If you look at some of the names they are sergents, Col SGt, Corprals, Privates are younger, But they wont care about how old you are, they just want letters from UK their home. It will boost their morals no end just receving a letter from a stranger letting them know we are thinking of them, I am 51 and I am writing to two of them. No replies yet, but my mate have had 5 replies and she sent her 6 weeks before me. And parcels they would love to receive them and they will pass on some parcels to mate who dont receive anything at all. Go on write a letter make their day special. Write a bit about you and what your life is like etc and then ask them about theirs etc. It really do not matter about ages, but you could always write and ask in a little letter inside to Please can yo pass this onto an older soldier who do not receive anything. You never know as horrible as it sounds that soldier you will be writing to may have died weeks later but he had some happiness knowing that there are people over here that think about what a brilliant job they are doing. They are very brave soldiers. And will appreciate anything they get.xxxxxxx


----------



## fluffyangel007 (Oct 15, 2009)

Sorry for going on but was just sat down to write my letter and was looking through the addresses and I wondered were those email address which you can email instead of post?


----------



## xxwelshcrazyxx (Jul 3, 2009)

fluffyangel007 said:


> Sorry for going on but was just sat down to write my letter and was looking through the addresses and I wondered were those email address which you can email instead of post?

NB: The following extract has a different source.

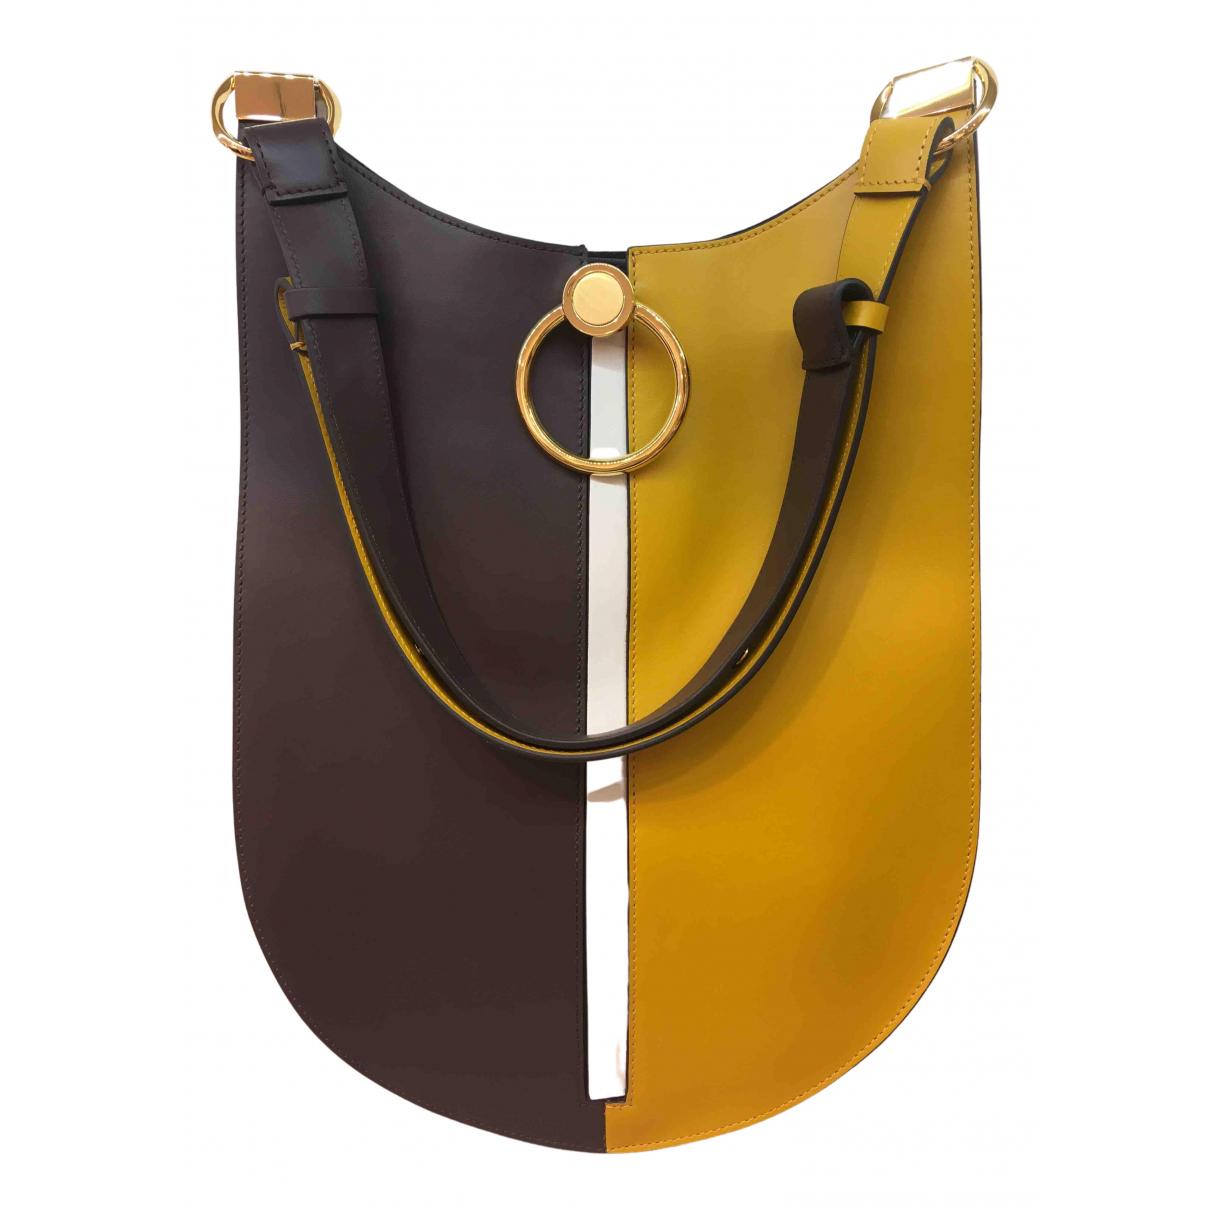 Marni Earring Handtasche in  Bunt Leder

Those belong to that soldier, you can try to email if you would like, but there is no telling when they can get to internet access where they are. But by almean try it if you would like to. xxx


----------



## fluffyangel007 (Oct 15, 2009)

All Done


----------



## ppersion (Oct 22, 2009)

Hello every one,
Go and write this address down and start writing, MAKE A SOLDIERS DAY. AND FEEL GOOD ABOUT IT YOURSELF.
What ever you are doing today, stop and think what those soldiers are having to do day in and day out, bomb, guns, bullet, deaths of mates, loneliness.
If you do not like my post then just Ignore It.
Thanks.


----------



## fluffyangel007 (Oct 15, 2009)

Already had a reply!


----------



## xxwelshcrazyxx (Jul 3, 2009)

fluffyangel007 said:


> All Done


Well done and thank you very much. xxxxxxxxxxx


----------



## fluffyangel007 (Oct 15, 2009)

Hi,

Sorry if this offends anyone but I had a reply from another solidier and apparently they see this as a way of dating and getting naughty letters to get them through... Just thought I pass on the information.


----------



## xxwelshcrazyxx (Jul 3, 2009)

fluffyangel007 said:


> Hi,
> 
> Sorry if this offends anyone but I had a reply from another solidier and apparently they see this as a way of dating and getting naughty letters to get them through... Just thought I pass on the information.

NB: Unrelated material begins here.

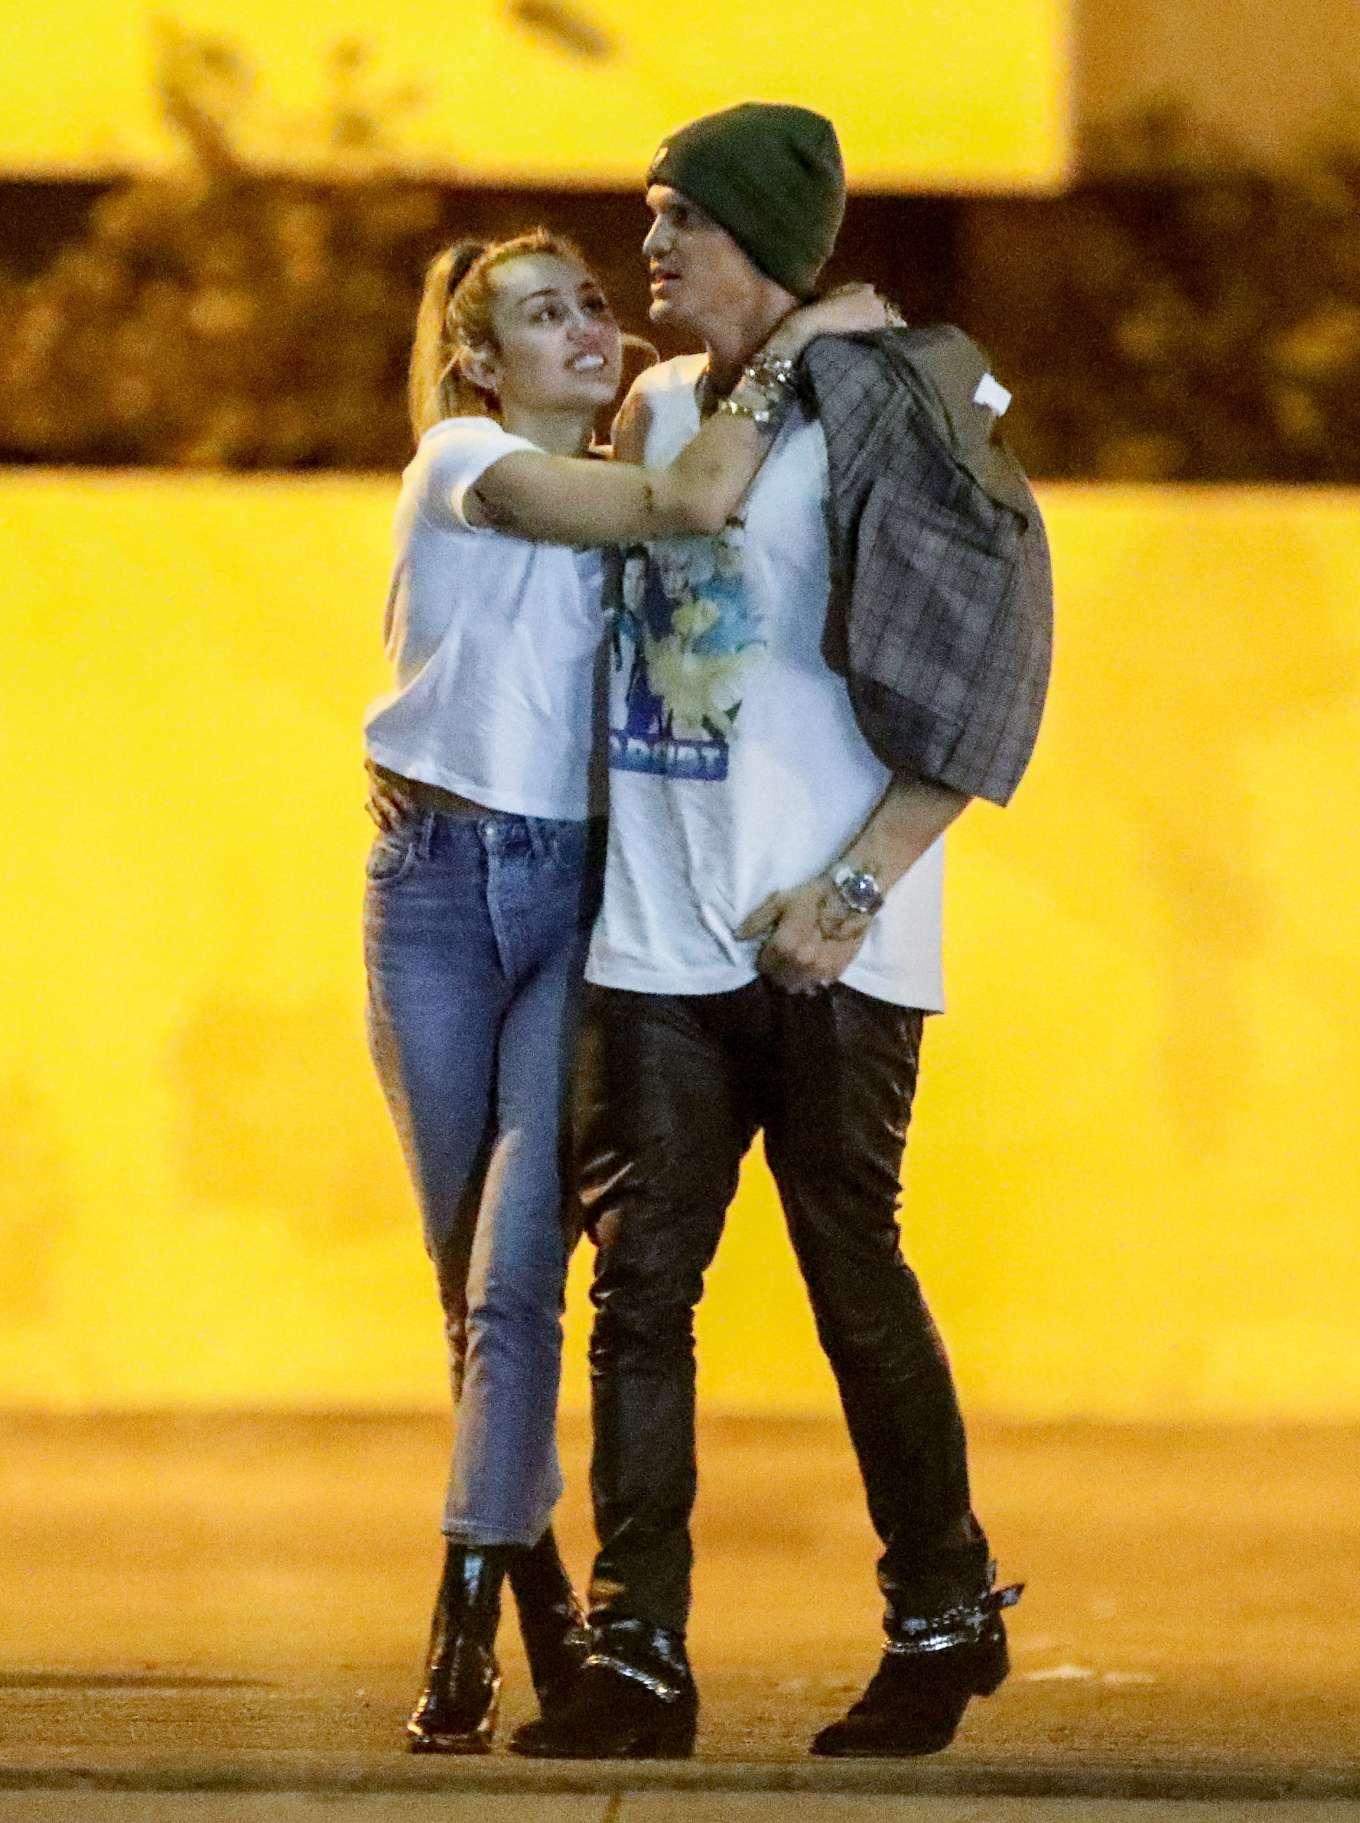 Miley Cyrus and Cody Simpson - Nightout in Studio City

oooeeerrr.  I dont think all of them are like that. Your the first one to get a reply that I know of. Just reply and tell him that that is not why you are writing to him for, and you are quite offended by this reply and wont be emailing him again., unless it is one of his mate mucking around. You dont know what they get up to out there. xxxxxx


----------



## xxwelshcrazyxx (Jul 3, 2009)

I wouldnt let any of this information worry you and stop you writing to a soldier, there are thousands of them out there lonely and needing letters to keep thier spirits up. Please write and make a soldier happy. Thank you everyone for doing this. xxxxxxx


----------



## fluffyangel007 (Oct 15, 2009)

xxwelshcrazyxx said:


> oooeeerrr.  I dont think all of them are like that. Your the first one to get a reply that I know of. Just reply and tell him that that is not why you are writing to him for, and you are quite offended by this reply and wont be emailing him again., unless it is one of his mate mucking around. You dont know what they get up to out there. xxxxxx


It was actually 2 separate ones that said similar things.... It was very uncomfortable.


----------



## xxwelshcrazyxx (Jul 3, 2009)

But it done mean that they are all like that. We can write to them and if they go on about that part then dont write again, find another one. NOT all of them are like that. So sorry you had an uncomfortable time with the first ones you wrote to. But there are alot of really nice ones there too, my mate have had 4 replies to date and they are all very very nice lads, one being and older bloke. My other mate who is doing the same as me finding people to write to them have many she write to and send parcels and have never had a problem with any of them. It must be frustrating for them over there, but they have no right to take advantage, so just move on and find another one if you' want to that is. I would just ingnore the ones whoever did that to me and write to others who appreciate it. Good luck though.xxxxx


----------



## emwalker (Sep 28, 2009)

this is the reply i got need help of what to put back help





Hey, cheers for writing, sorry for the late reply been a bit busy!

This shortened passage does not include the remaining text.